The stakes have risen further recently. Investors have launched a suit against Kinross Gold Corporation, which wrote down $2.5 billion on a mine in Africa. In this case, the plaintiffs had to accept a third party funding agreement that could give the financing company 10 percent of the winnings, with no cap. (The hearing on the motion was before Mr. Justice Perell on July 22, and his reasons are not yet reported.)
There is a Class Proceedings Fund (CPF) in Ontario which is sometimes available, but it turned down the Kinross applicants. However, the issue is not about the CPF versus third party funders. The issue is how much is going to be left for the class claimants. All too often, costs eat up most of the winnings, and the class members get a nominal award even if they win.
A solution to this situation is perhaps implicit in Justice Strathy’s comments. Ontario’s law should be changed so that the representative plaintiff is not liable for the other party’s costs. This was recommended by the Law Reform Commission prior to the passage of the Class Proceedings Act, 1992, SO 1992, c 6. That is the approach taken in British Columbia and a number of other provinces.
This will lead to some cases where a winning defendant has to bear the burden of its own legal costs. There is some risk of unfairness to defendants if they win, and are not awarded costs, but this should be handled through other means. Currently, the threshold for cause of action in class actions is the same as in any other type of action: “plain and obvious” that the plaintiff cannot succeed, as stated in Fulawka v. Bank of Nova Scotia, 2012 ONCA 443 (para. 42). This threshold is arguably too low. Given the higher costs of class actions, it seems to be economically unwise to have the same criterion as for ordinary cases.
It is unlikely that the current legislative scheme is optimal. As suggested by Drew Hasselback, legal columnist of the Financial Post, part of the problem is also the range of motions that create delays and drive up costs in class proceedings.
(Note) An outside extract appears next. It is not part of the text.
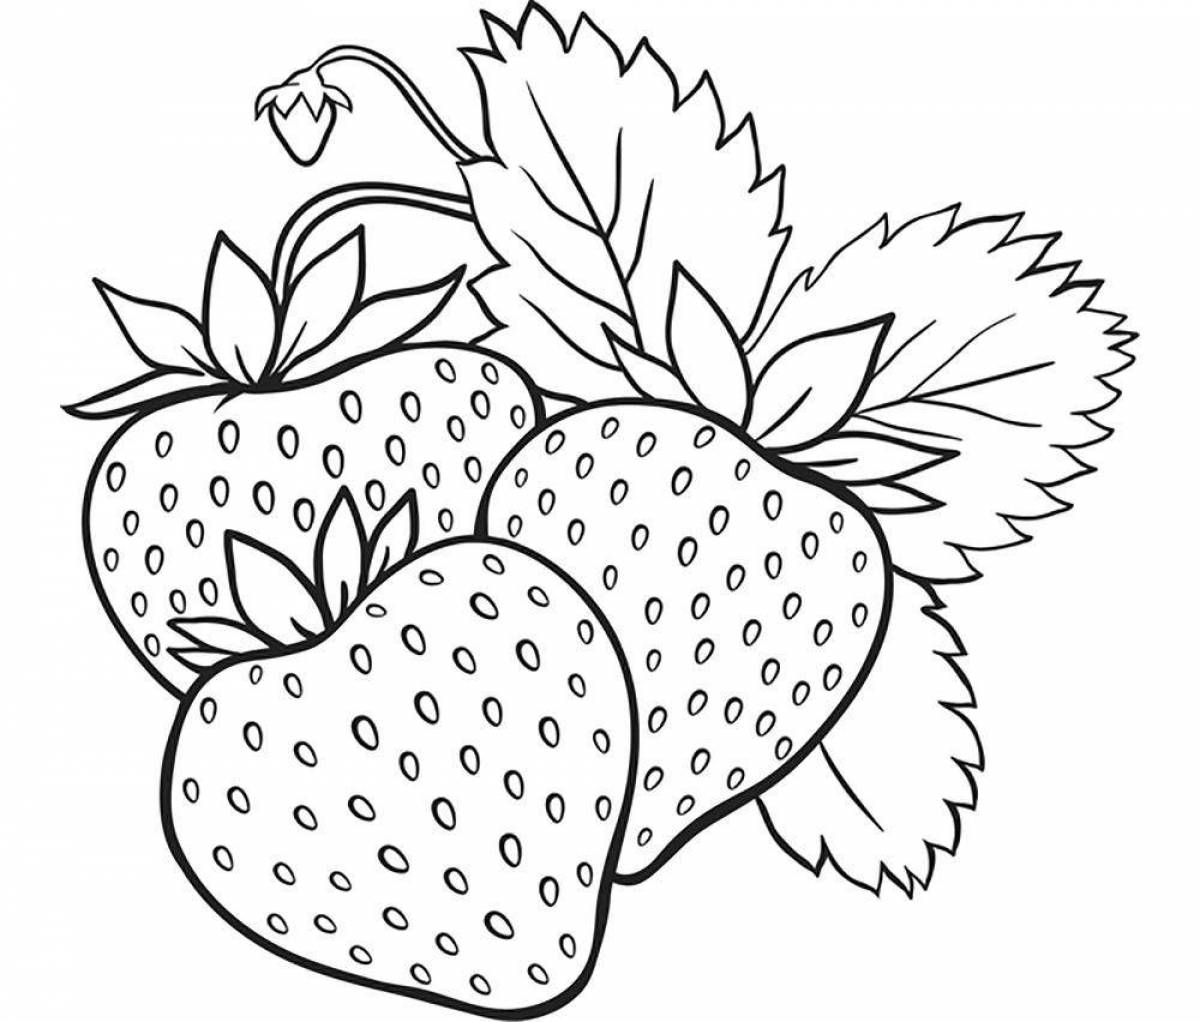 Charming berries and fruits coloring book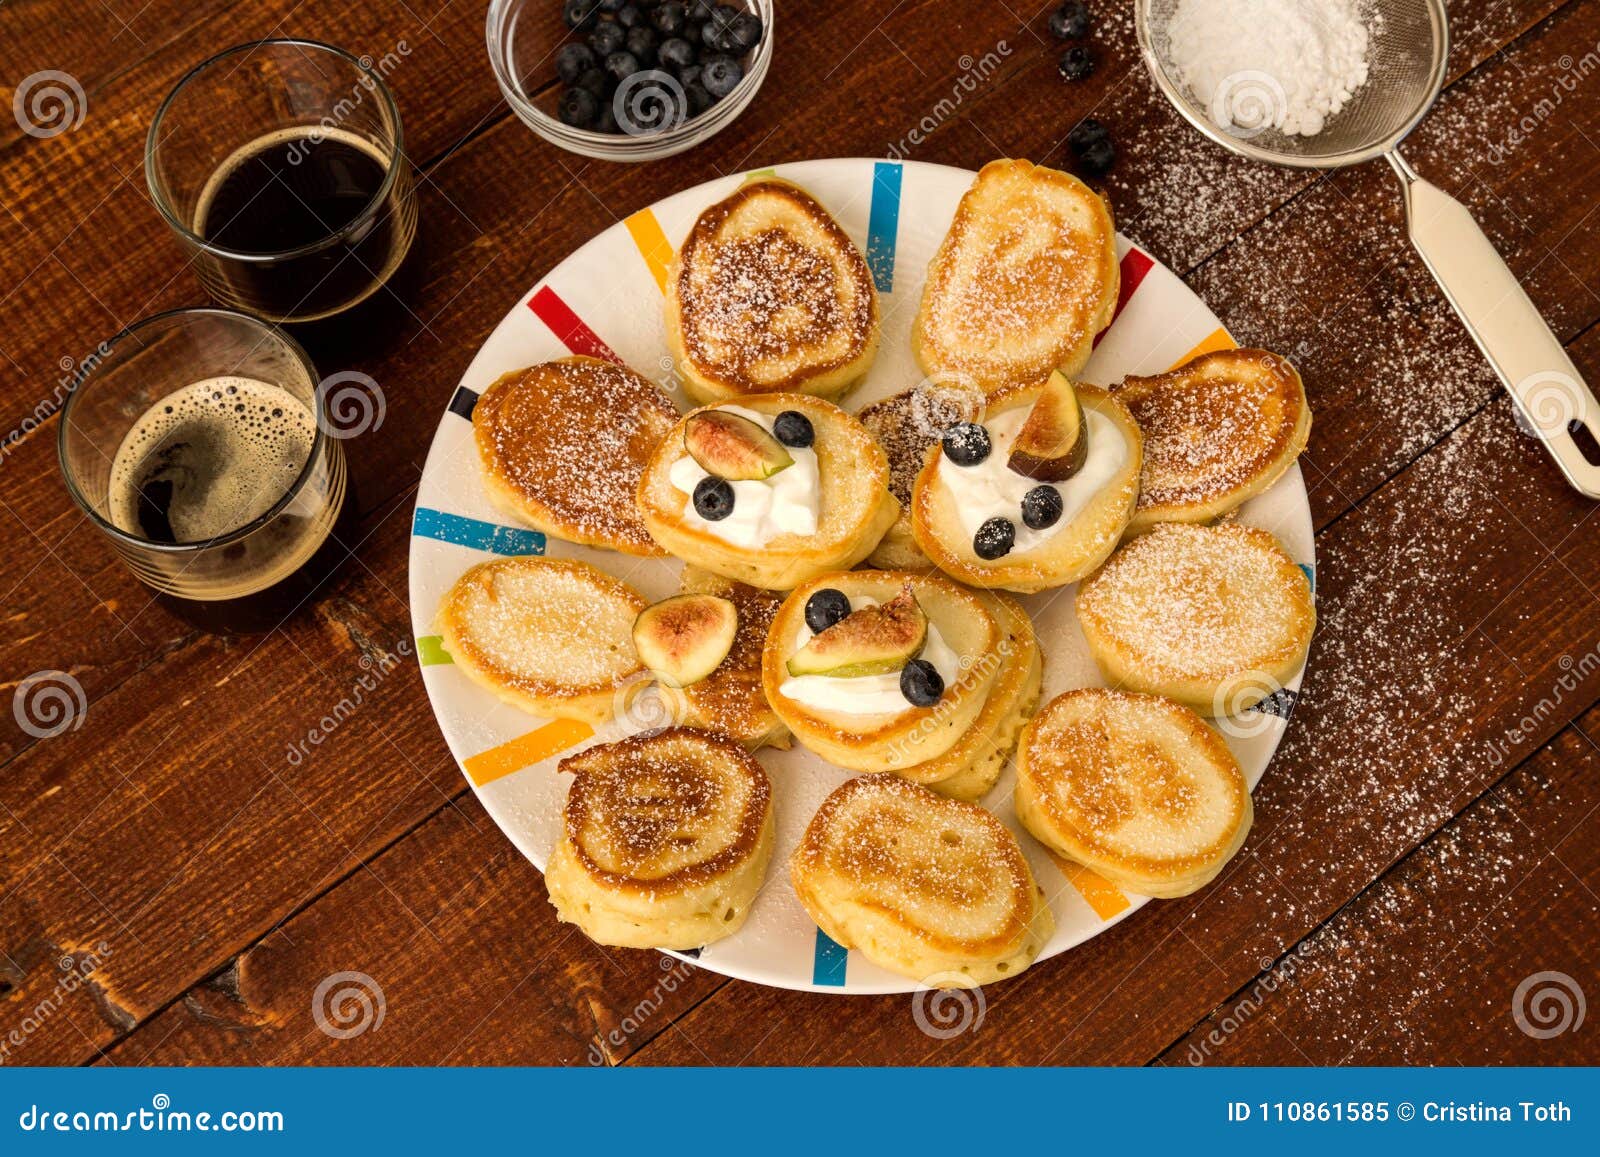 oladi - traditional pancakes for breakfast in the republic of moldova

Is there a risk that this would increase litigation, including cases that lack merit? The class action lawyers themselves, who work for nothing if they do not win, are likely to be reasonably careful gatekeepers. A foreign vulture fund is unlikely to make its decision based on the merits of the case, and would base its decision more on factors such as how likely the defendant is to settle quickly.
Legislative reform ought to be considered to regulate this issue, and to relieve representative plaintiffs of the risk of adverse cost penalties. The “grim reality” that Justice Strathy alluded to can be overcome through shrewd legislative reforms.